If the storage is down (for instance sqlalchemy), the logbook cannot be loaded, then taskflow goes into a endless loop of exceptions. To mitigate this issue, use the retry feature of tenacity, the backtrace will be displayed only every 5 seconds Partial-Bug: #2037050 Change-Id: I656abdf7325c46d3afb2cc7ca905f1a335fb0d2f
2023-09-22 08:21:08 -04:00 · 2023-09-22 08:21:08 -04:00 · 981052a6cb
parent 07a1a3f417
commit 981052a6cb
2 changed files with 15 additions and 0 deletions
--- a/releasenotes/notes/fix-endless-loop-on-storage-failures-b98b30f0c34d25e1.yaml
+++ b/releasenotes/notes/fix-endless-loop-on-storage-failures-b98b30f0c34d25e1.yaml
@ -0,0 +1,5 @@
+---
+fixes:
+  - |
+    Fixed potential endless loop of exceptions when the storage is down and
+    Taskflow loads a logbook.
--- a/taskflow/jobs/base.py
+++ b/taskflow/jobs/base.py
@ -24,6 +24,7 @@ import time
 import enum
 from oslo_utils import timeutils
 from oslo_utils import uuidutils
+import tenacity

 from taskflow import exceptions as excp
 from taskflow import states
@ -31,6 +32,10 @@ from taskflow.types import notifier
 from taskflow.utils import iter_utils


+RETRY_ATTEMPTS = 3
+RETRY_WAIT_TIMEOUT = 5
+
+
 class JobPriority(enum.Enum):
    """Enum of job priorities (modeled after hadoop job priorities)."""

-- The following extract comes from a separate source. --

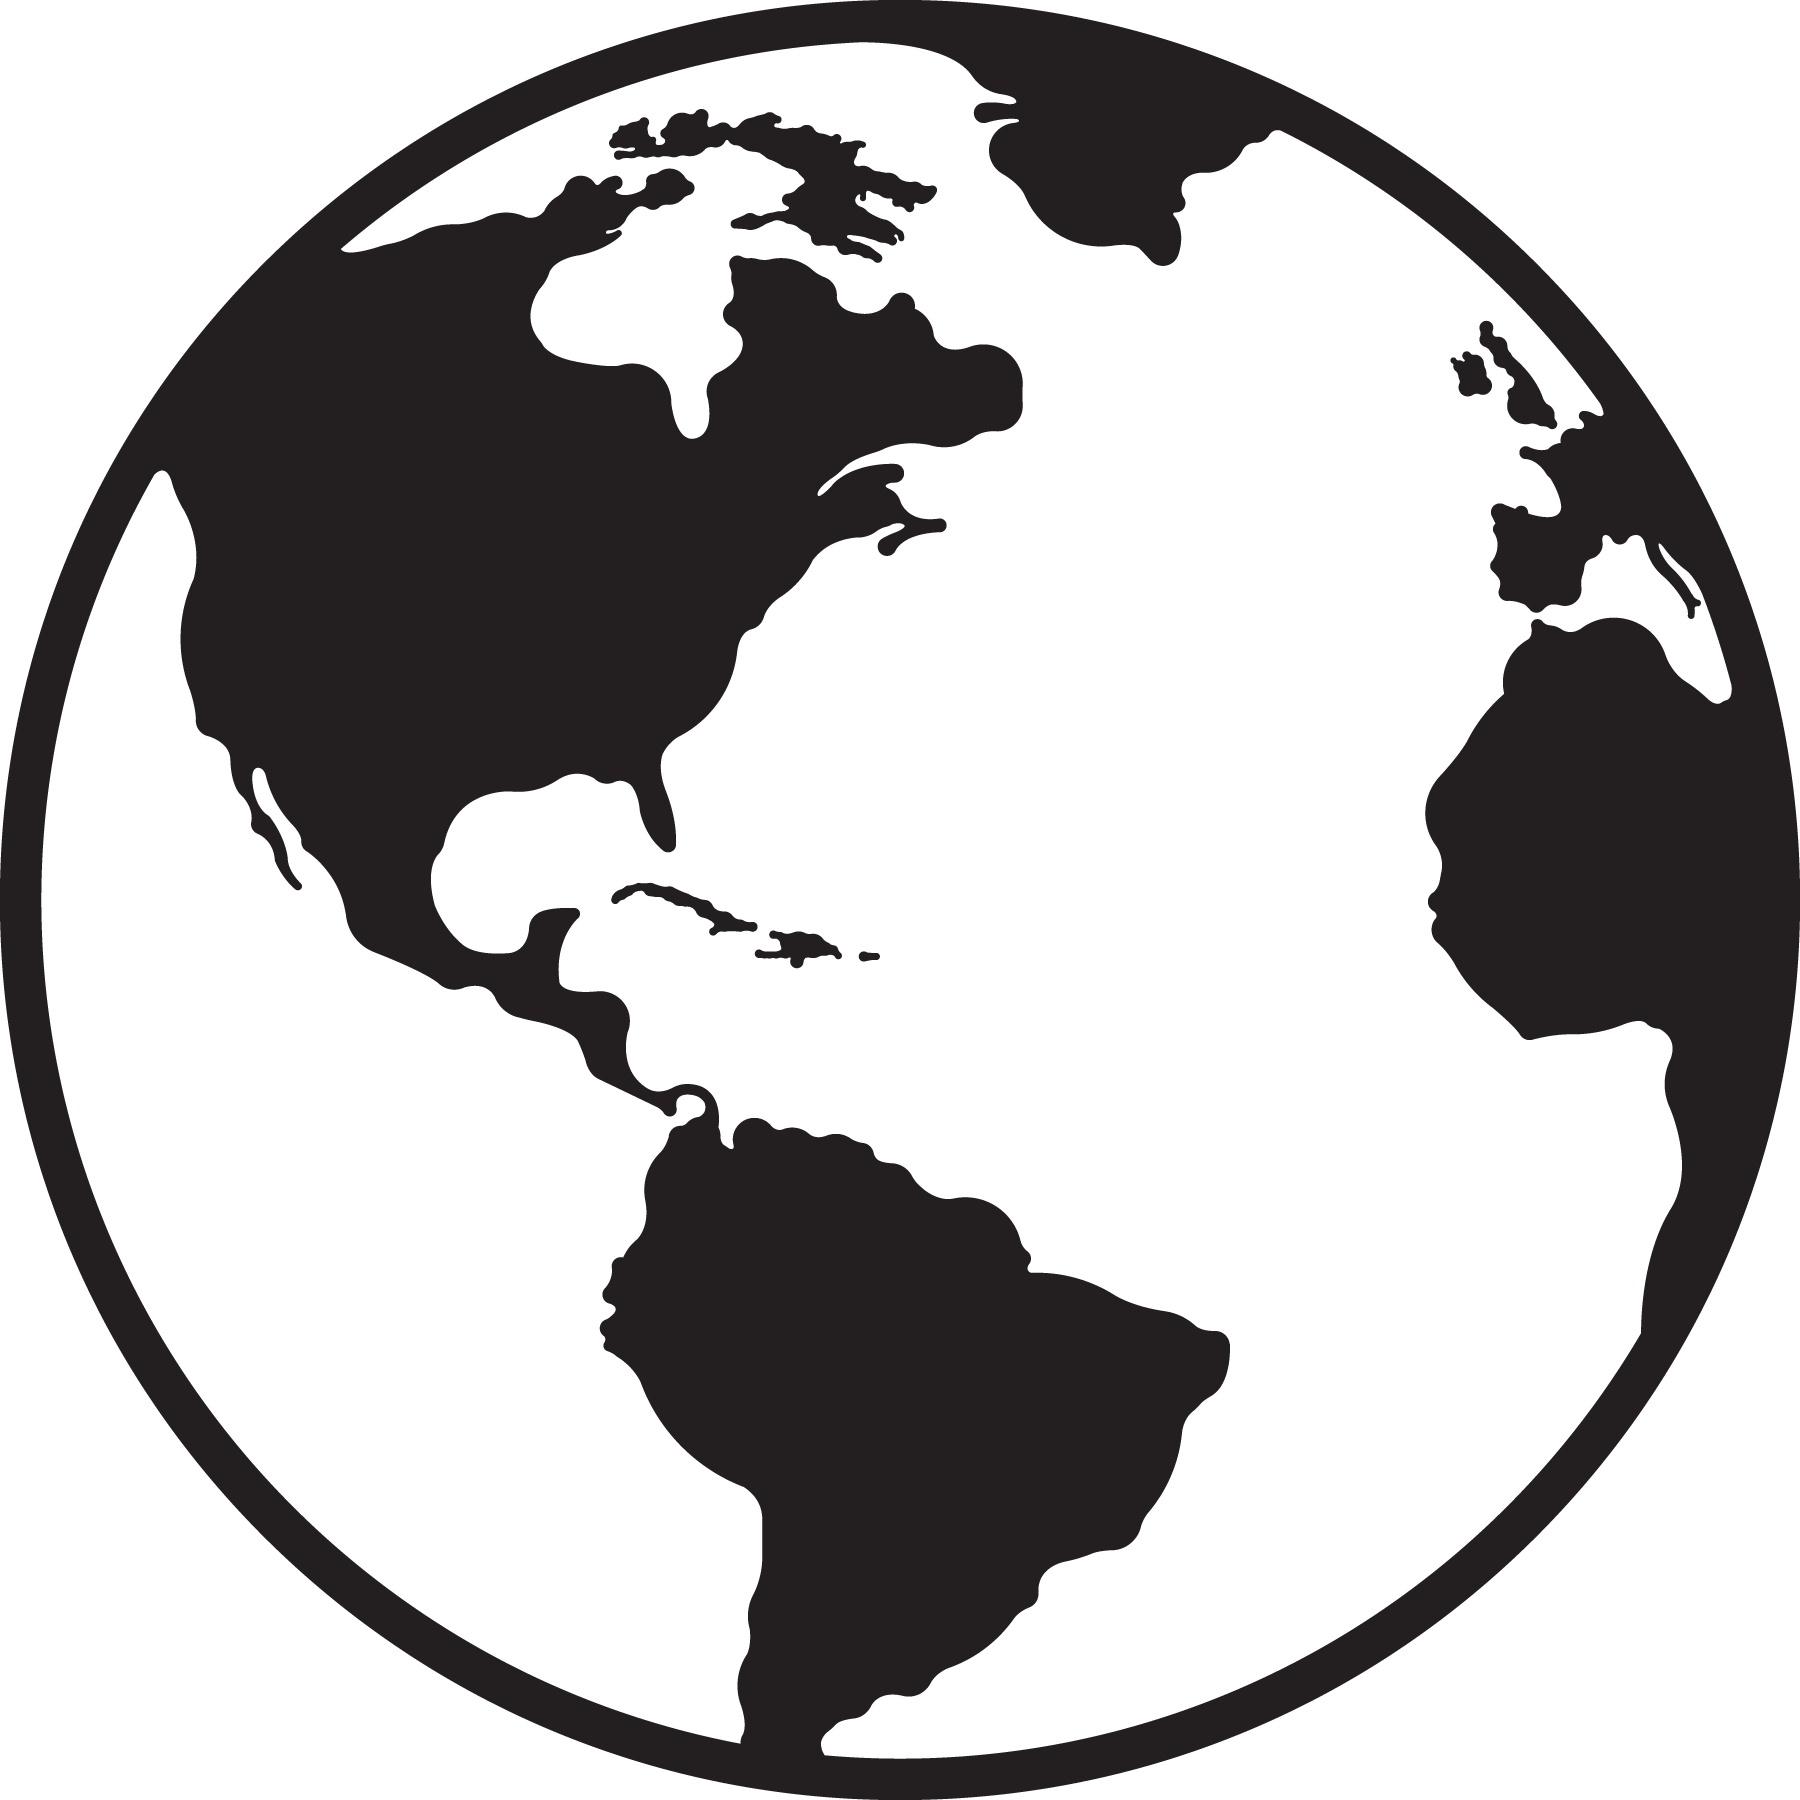 Earth clipart black.
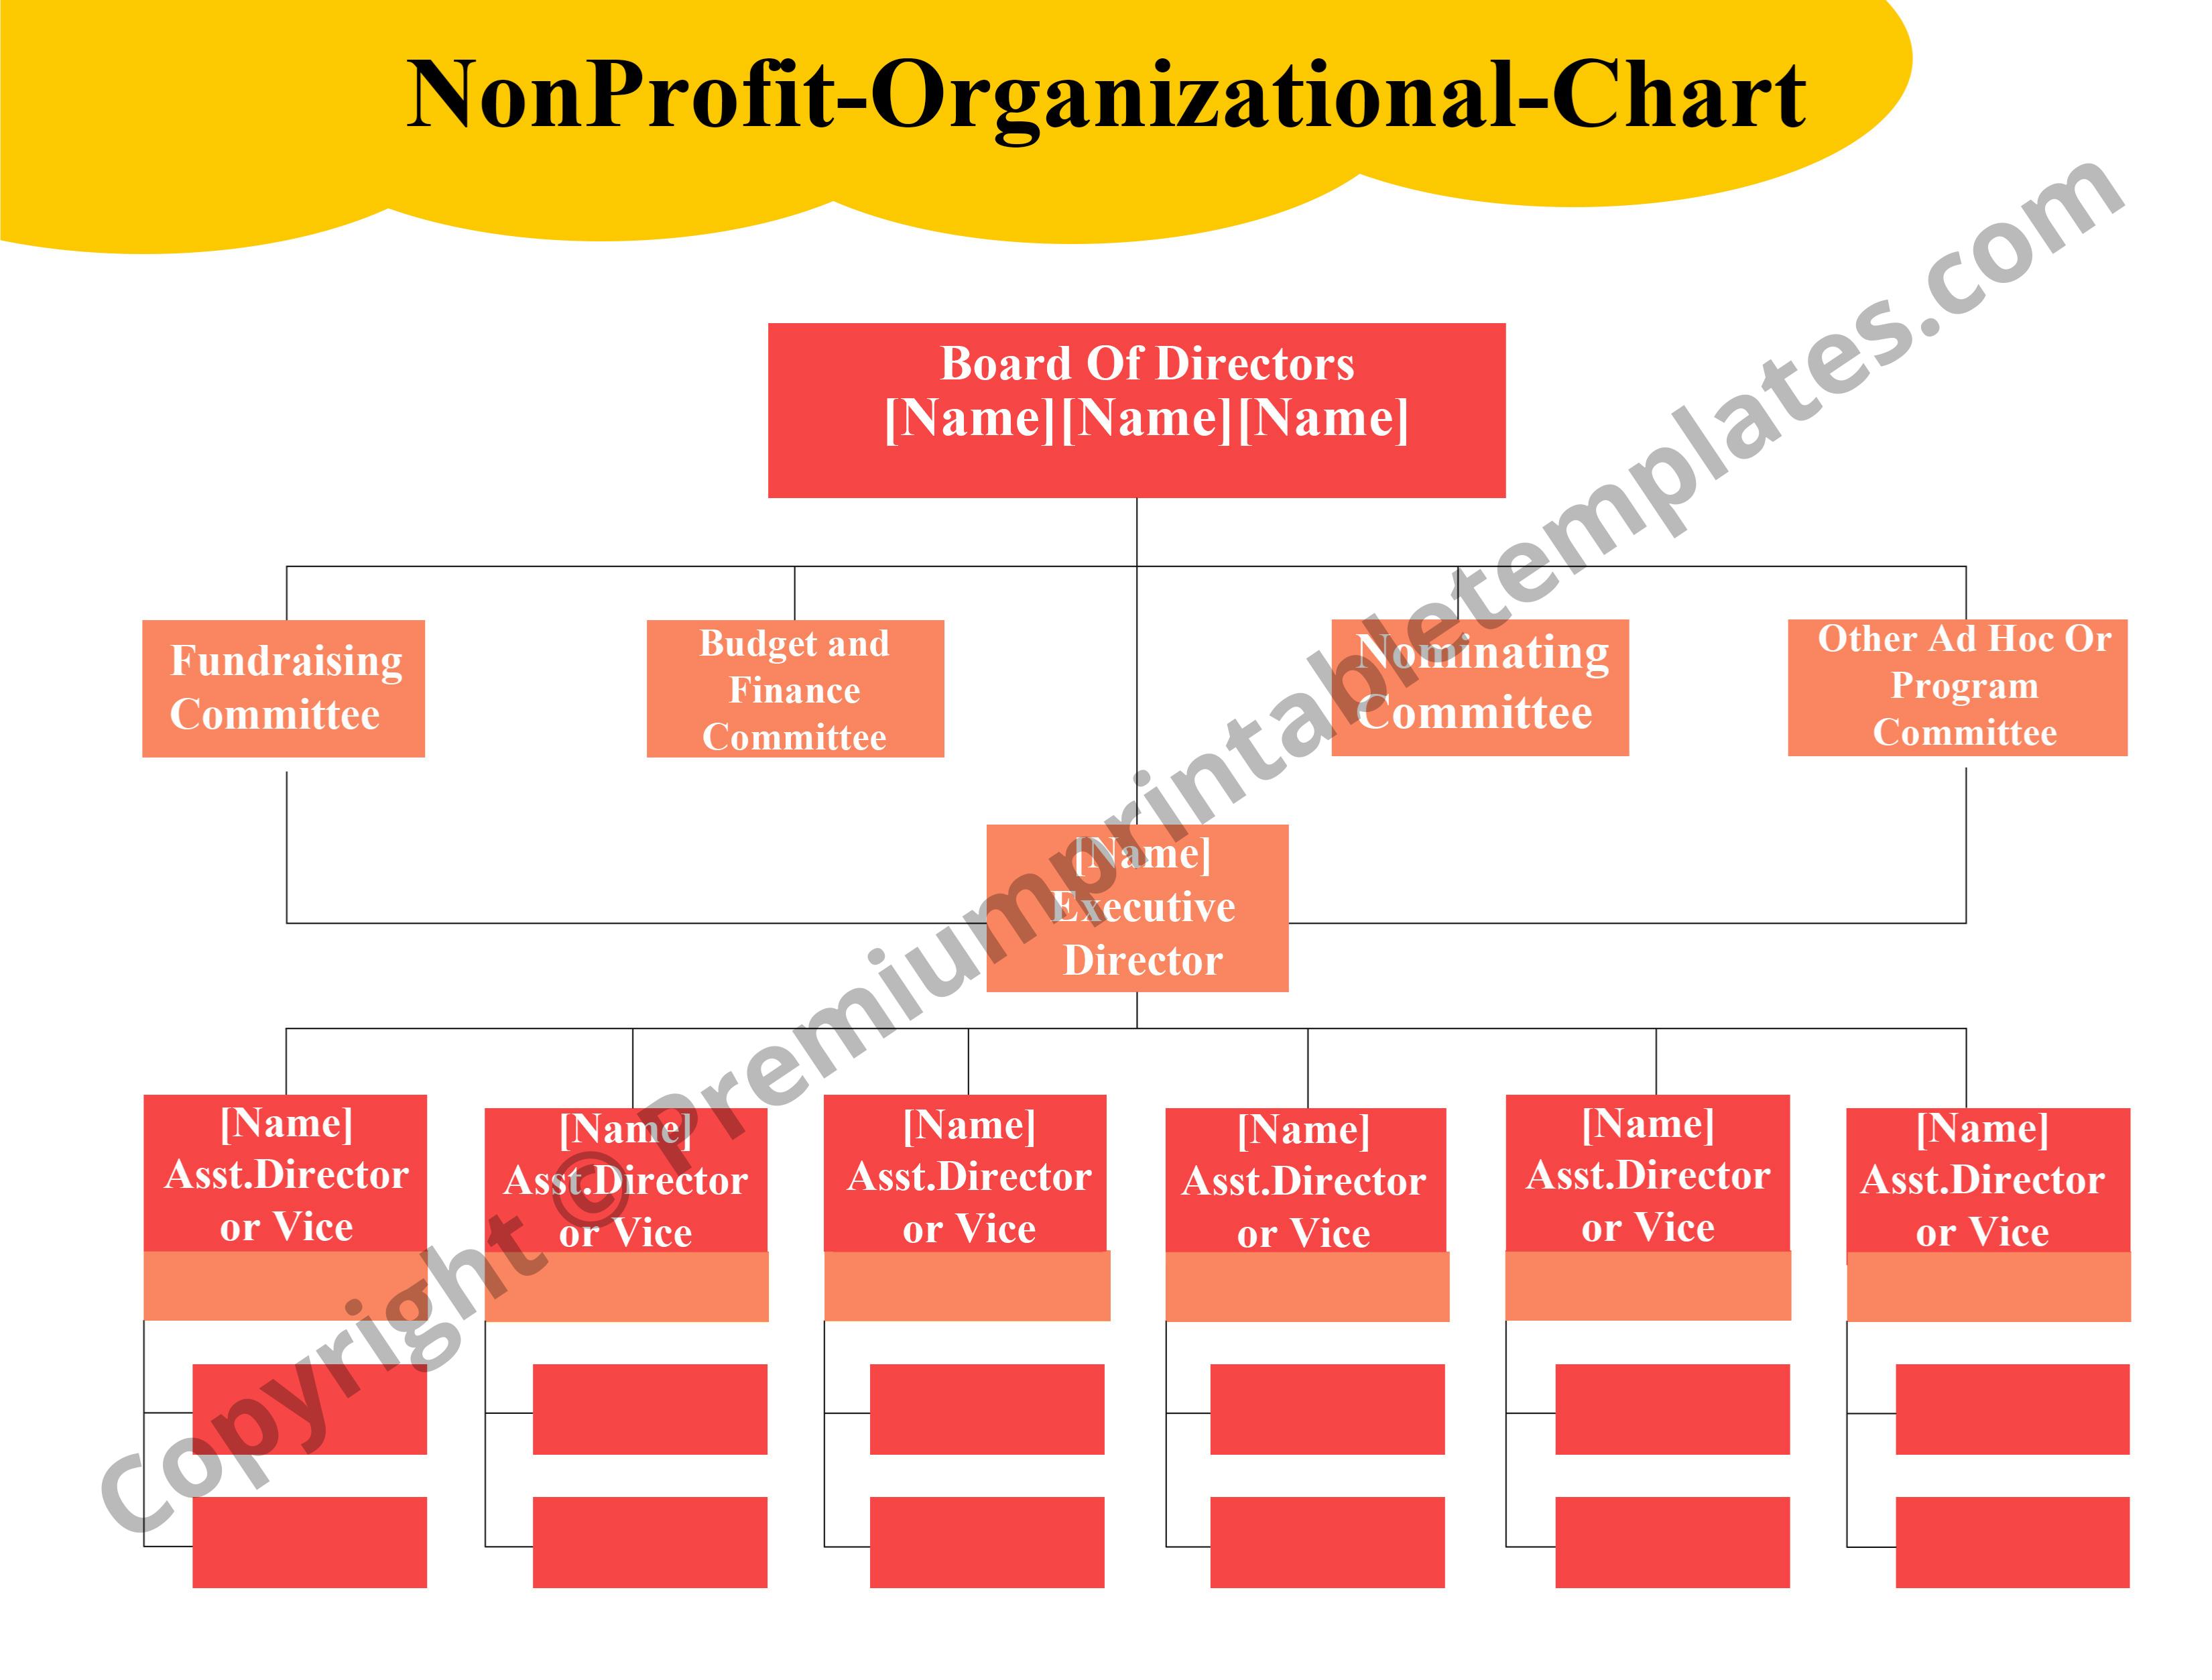 Non Profit Organizational Chart Pack Of 5 Premium Printable Templates

@ -251,6 +256,11 @@ class Job(object, metaclass=abc.ABCMeta):
        """The non-uniquely identifying name of this job."""
        return self._name

+    @tenacity.retry(retry=tenacity.retry_if_exception_type(
+                    exception_types=excp.StorageFailure),
+                    stop=tenacity.stop_after_attempt(RETRY_ATTEMPTS),
+                    wait=tenacity.wait_fixed(RETRY_WAIT_TIMEOUT),
+                    reraise=True)
    def _load_book(self):
        book_uuid = self.book_uuid
        if self._backend is not None and book_uuid is not None: